The Minotaurs of Maze World
Page 29
He gasped.
When Jason finally saw the beast, he was surprised by it. There was a huge, black form up ahead, just inside the shadows of the pines...
His heart quickened and Jason saw his vision pulsate around the edges.
Crouching low and trying to control his desperate breathing, Jason approached the tree line then dropped to his knees. He braced his rifle on a big branch. He felt the wetness of the snow seep through the legs of his suit immediately. The Merc armor wasn't waterproof, it seemed.
The alpha was across the clearing, upright but keeping fairly still, just inside the tree line on the other side. It was perhaps fifty yards away.
Amazing that it didn’t see me, Jason thought, then he considered the wind. There was a breeze coming at him from the north. He was downwind. The alpha couldn’t smell him.
It looked like the minotaur was sitting or crouching in the shade of the pine trees, staring down the ridge at the town. Jason saw the lines of its horns moving as the creature gazed at Ridgeview, looking up and down the streets below.
Resting. Dying?
This is it, Jason thought.
He settled in behind his Rigby as quietly as he could then brought his head down behind the sights. The gun was nestled into the crook of a pine tree and one of its branches, so his sight picture was solid.
It was a perfect setup.
Jason aimed at the beast, putting his front sight into the black mass of the alpha’s neck as best he could. Its body was very dark and hard to distinguish, but Jason could approximate where its vulnerable spot would be by the movement of its head and horns. He saw steam rising in the chilly shaded air from the beast's mouth and nostrils.

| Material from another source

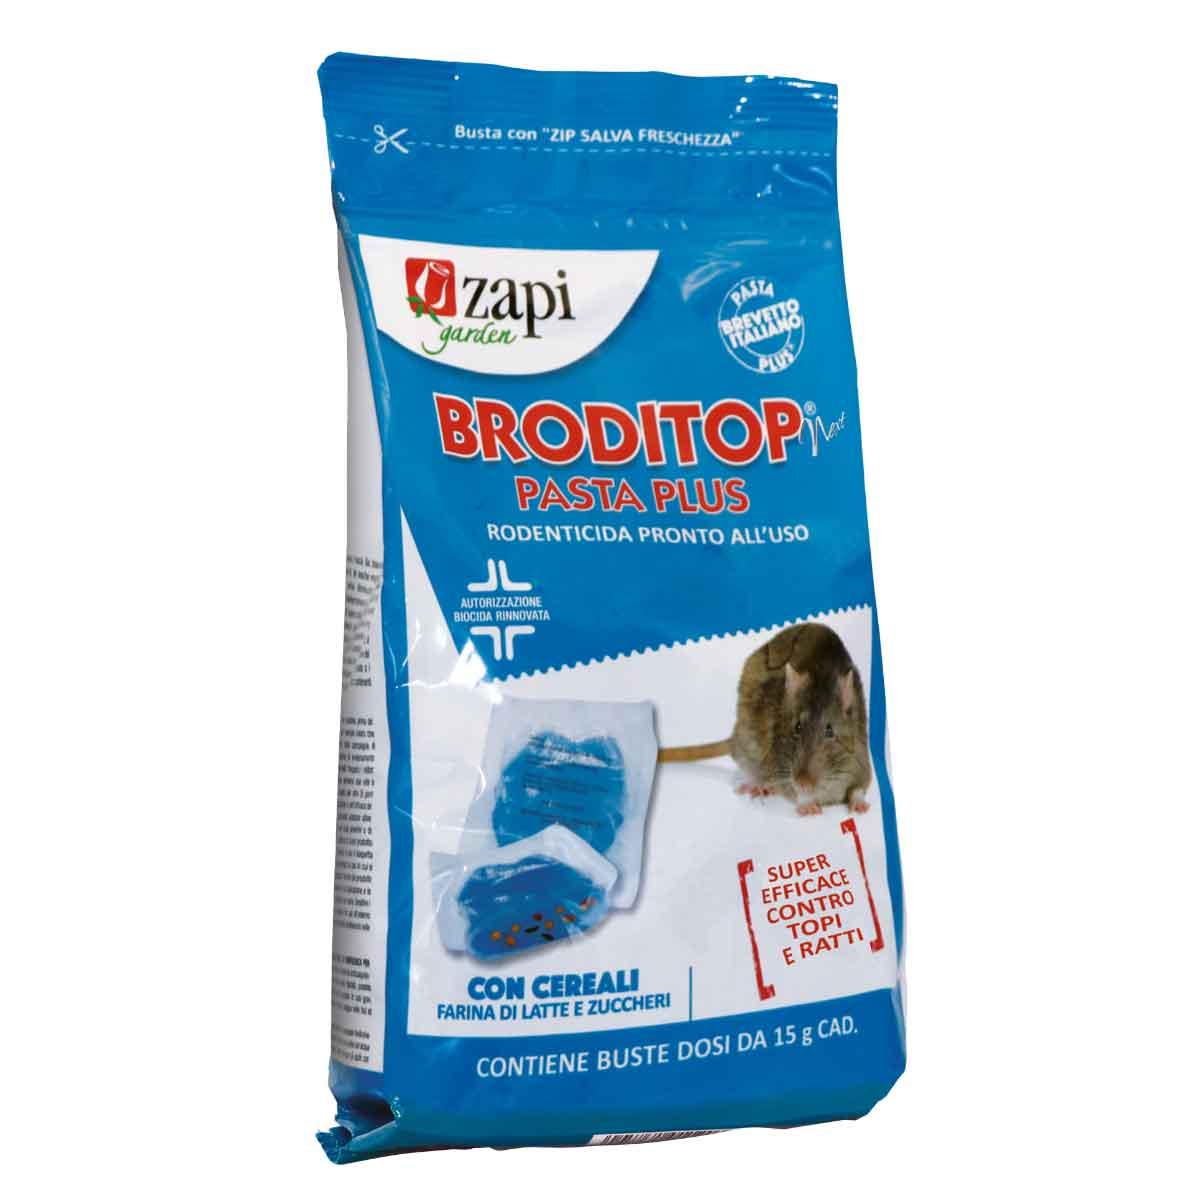 Zapi Topicida Broditop Next Pasta Plus 150g

Flicking off the safety, Jason calmed his breathing, ignored the insane fear and adrenaline coursing through him, then put his finger on the trigger, letting out a long breath. He squeezed...
The Rigby Magnum Mauser let out a tremendous boom that immediately echoed through the mountains, thrusting back hard into Jason’s shoulder and slamming his eardrums painfully. He saw the minotaur take a hit and heard the thwack. The monster grunted then roared, jumping to its feet with a thunderous crash!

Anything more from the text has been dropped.